А в четыре часа дня, выйдя из Троицкой церкви, где совершалось служение накануне полтавской годовщины, Пётр с неизменной свитой снова появился в тюремной келье, где на своём узком ложе, замученный, лежал узник.
Увидя отца, он вдруг приподнялся на локте... Что-то заклокотало у него в груди... Отхаркнув кровью прямо к ногам Петра, одно только слово прохрипел Алексей:
— Детоубийца...
И снова повалился навзничь, тяжело, порывисто дыша...
И отец сжалился наконец над сыном, решил сократить его долгое, мучительное умирание, прервал тяжёлые муки, которые могли затянуться на недели, на месяцы...
Привести в исполнение приговор теперь — это значило облегчить агонию осуждённому... И Пётр шепнул несколько слов маршалу Адаму Вейде.

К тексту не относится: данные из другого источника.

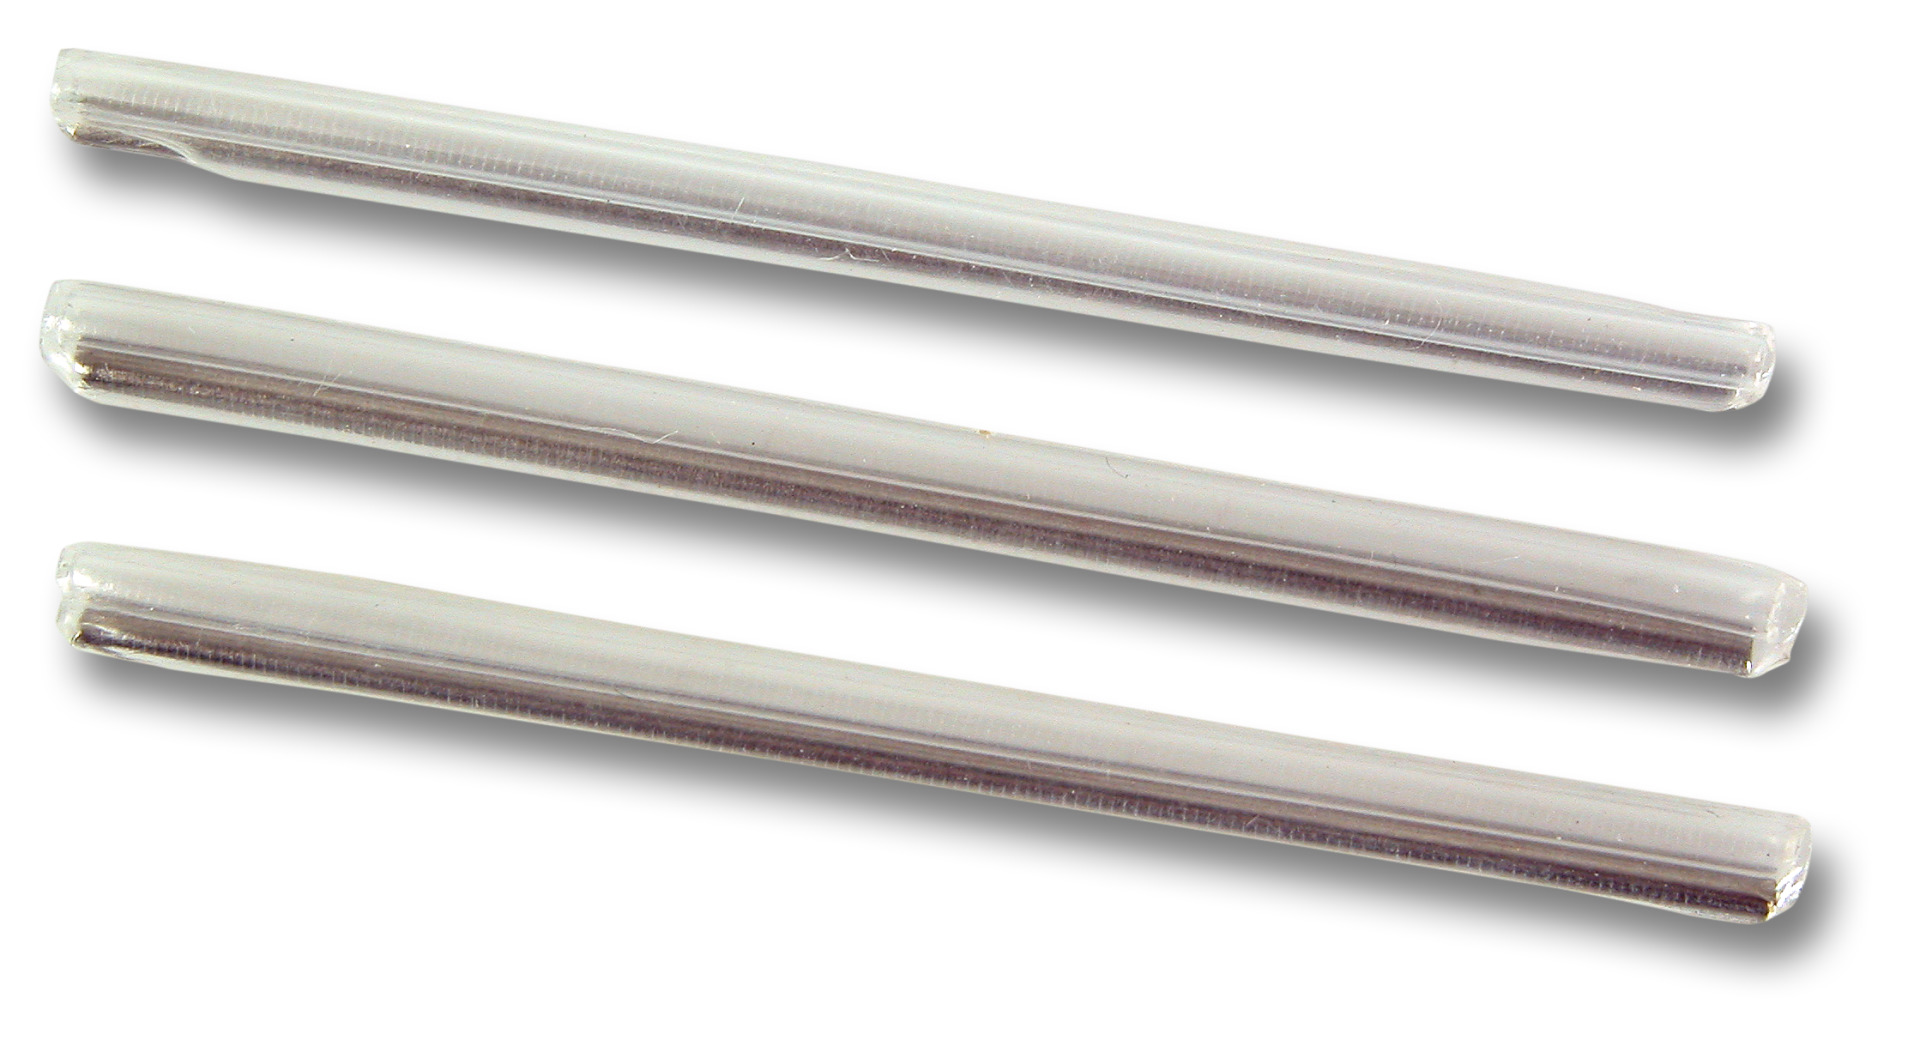 Splice Heat Shrink, transparent, length: 45mm, PU 100

Тот отшатнулся сразу, но, сделав усилие, даже стиснув зубы и сжав кулаки, овладел собою, вышел... А через четверть часа из соседней крепостной аптеки принёс небольшую серебряную чарку с последним лекарством для истерзанного телом и душою царевича.
Бескровная казнь совершилась... Смерть Сократа, добровольная и потому прекрасная, насильственно постигла Алексея...
Твёрдою рукою ему влит был в рот его последний кубок... После этого все быстро ушли, кроме караульного офицера и двух врачей...
В седьмом часу вечера, после сильнейших мучений и судорог, Алексея не стало...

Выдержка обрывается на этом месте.